→ EXTRACTED INFORMATION
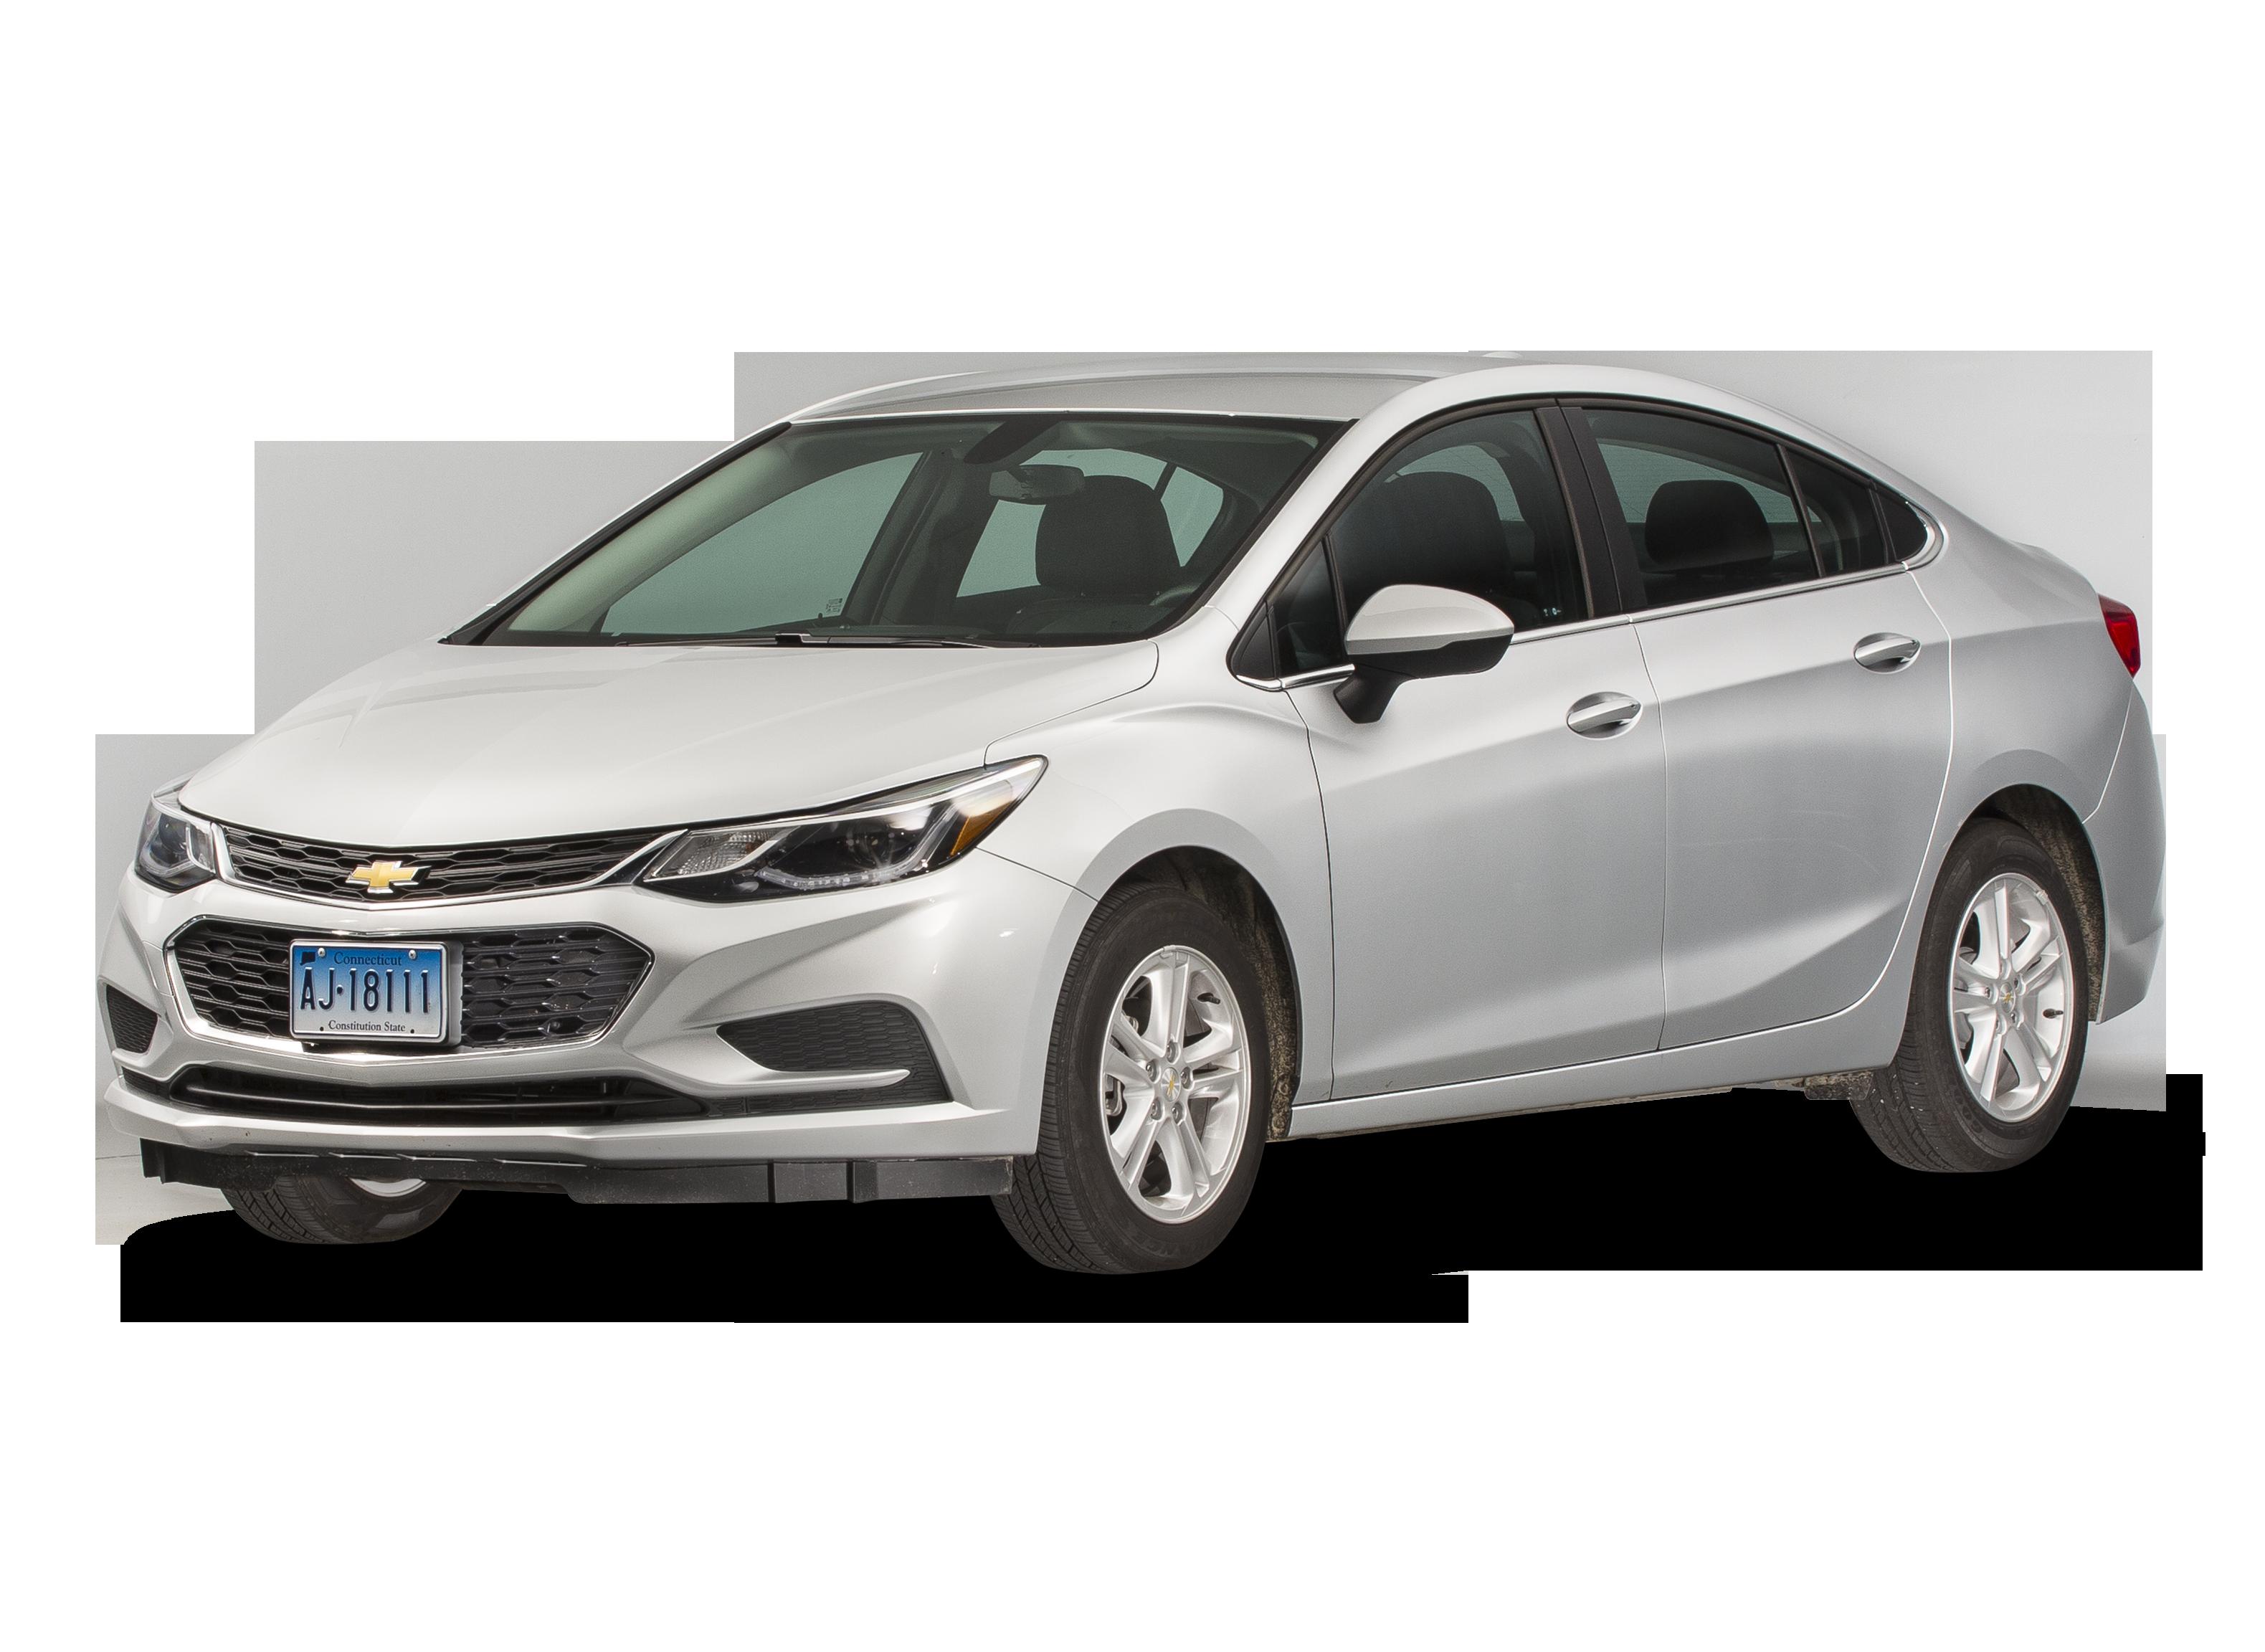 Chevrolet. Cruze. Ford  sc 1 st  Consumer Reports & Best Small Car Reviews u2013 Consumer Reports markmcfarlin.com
* * *
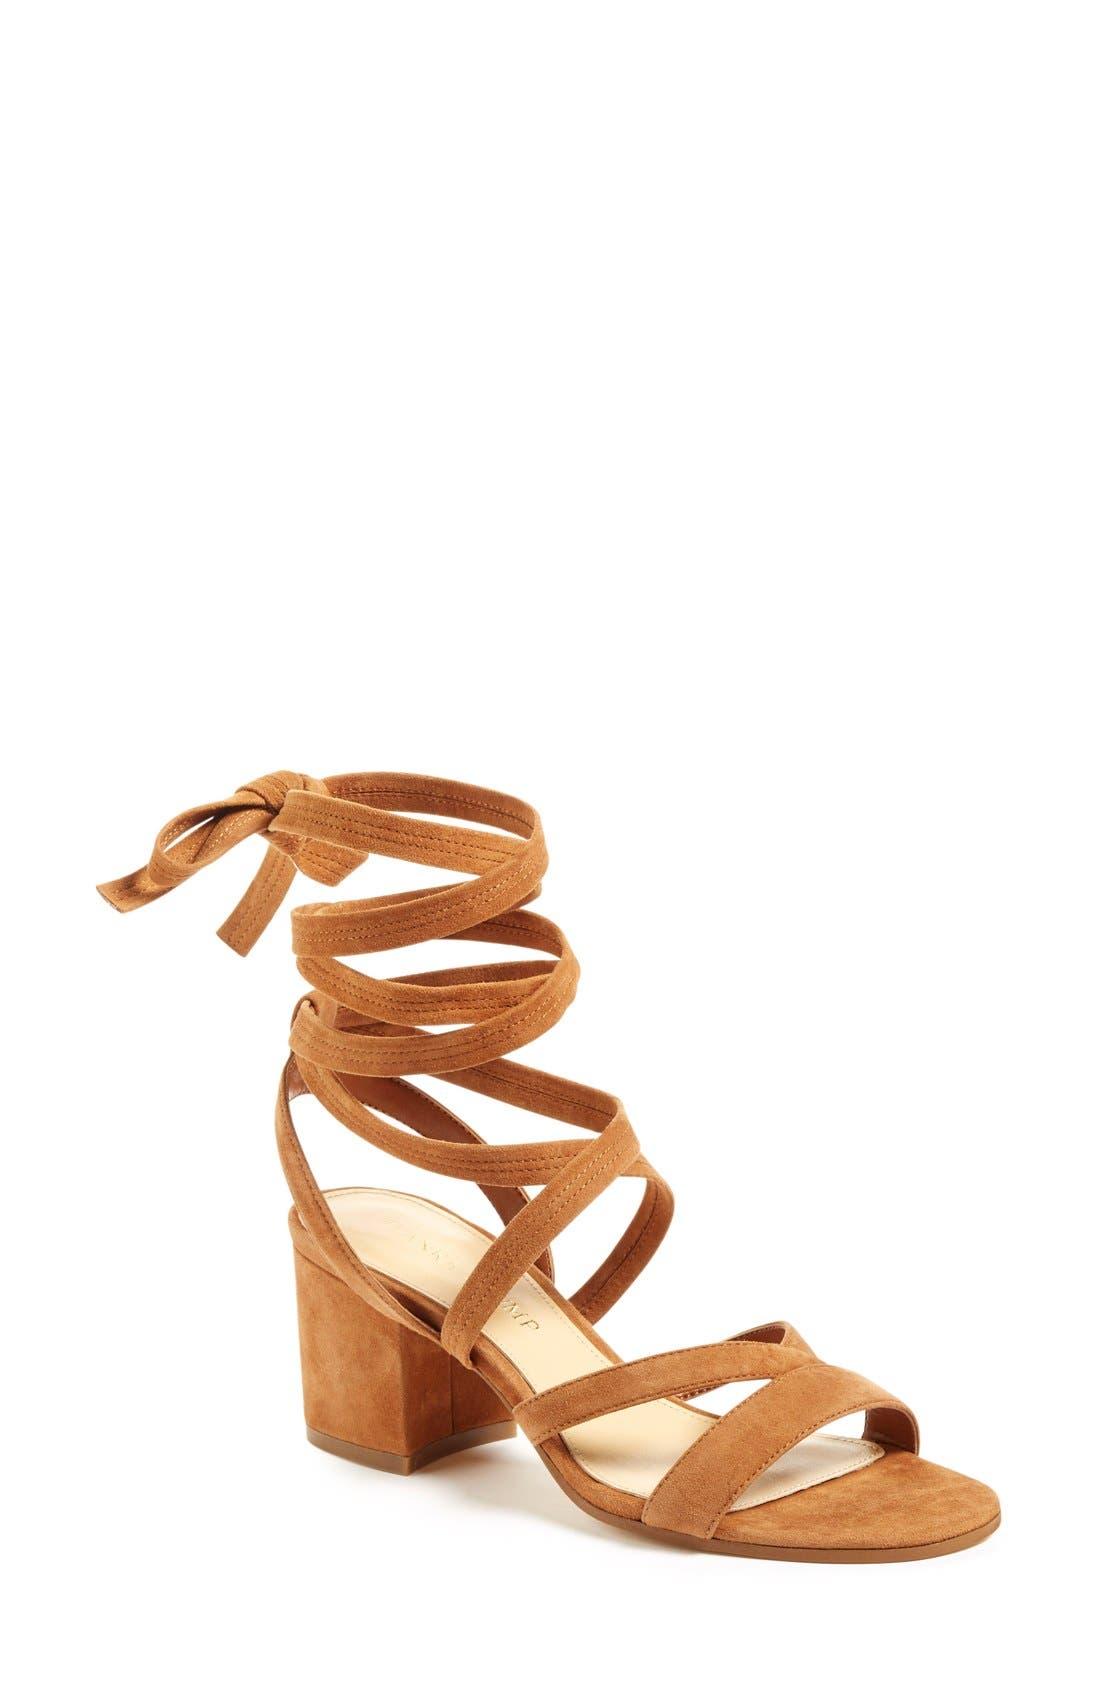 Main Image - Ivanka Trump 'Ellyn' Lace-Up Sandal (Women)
...
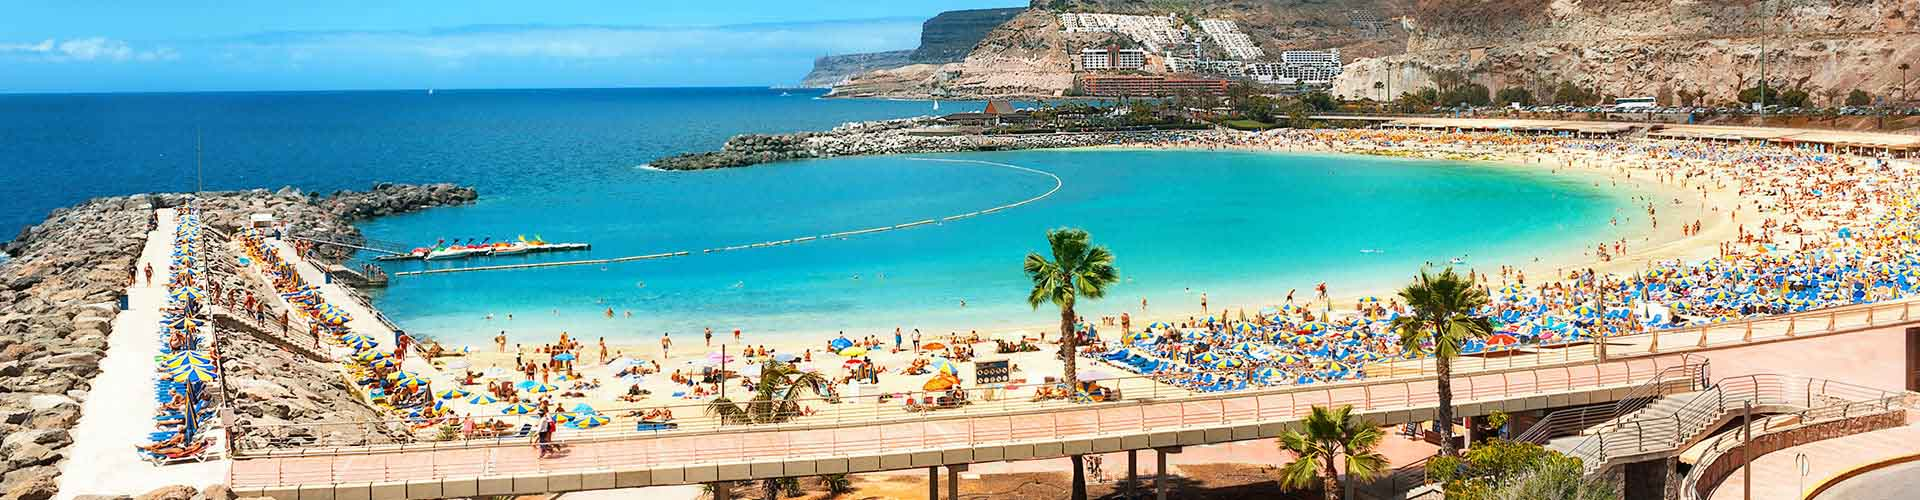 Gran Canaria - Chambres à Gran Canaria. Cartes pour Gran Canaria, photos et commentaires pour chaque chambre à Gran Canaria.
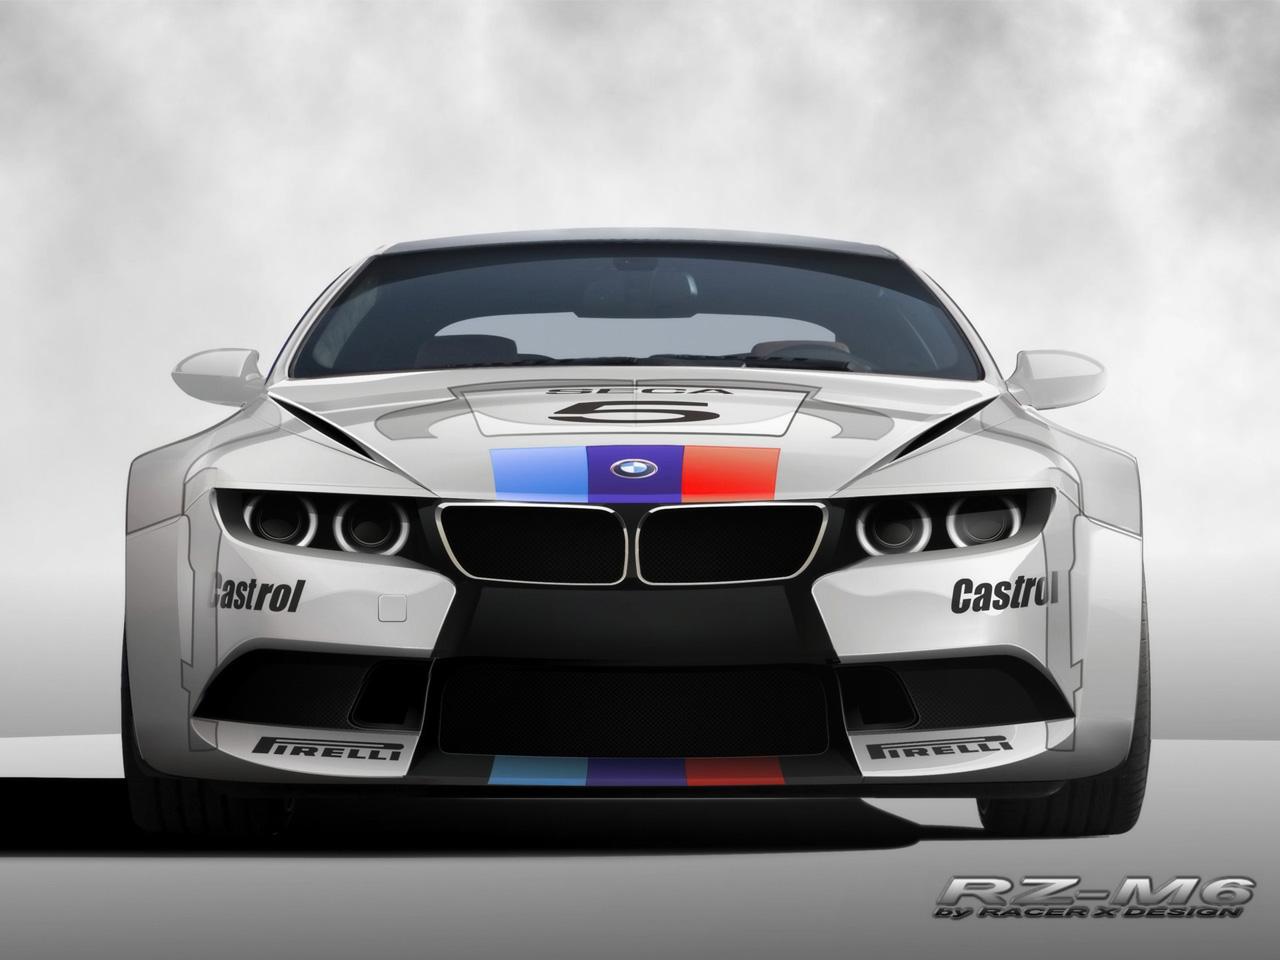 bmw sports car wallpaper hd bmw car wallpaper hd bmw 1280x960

→ REQUIREMENT
Exactly the lines starting at the one above with "Gran Canaria - Chambres" and ending at the one with "bmw sports car" should be printed, and nothing else. Omit the pictures.

→ OUTPUT OF THE EXERCISE
 Gran Canaria - Chambres à Gran Canaria. Cartes pour Gran Canaria, photos et commentaires pour chaque chambre à Gran Canaria.
 bmw sports car wallpaper hd bmw car wallpaper hd bmw 1280x960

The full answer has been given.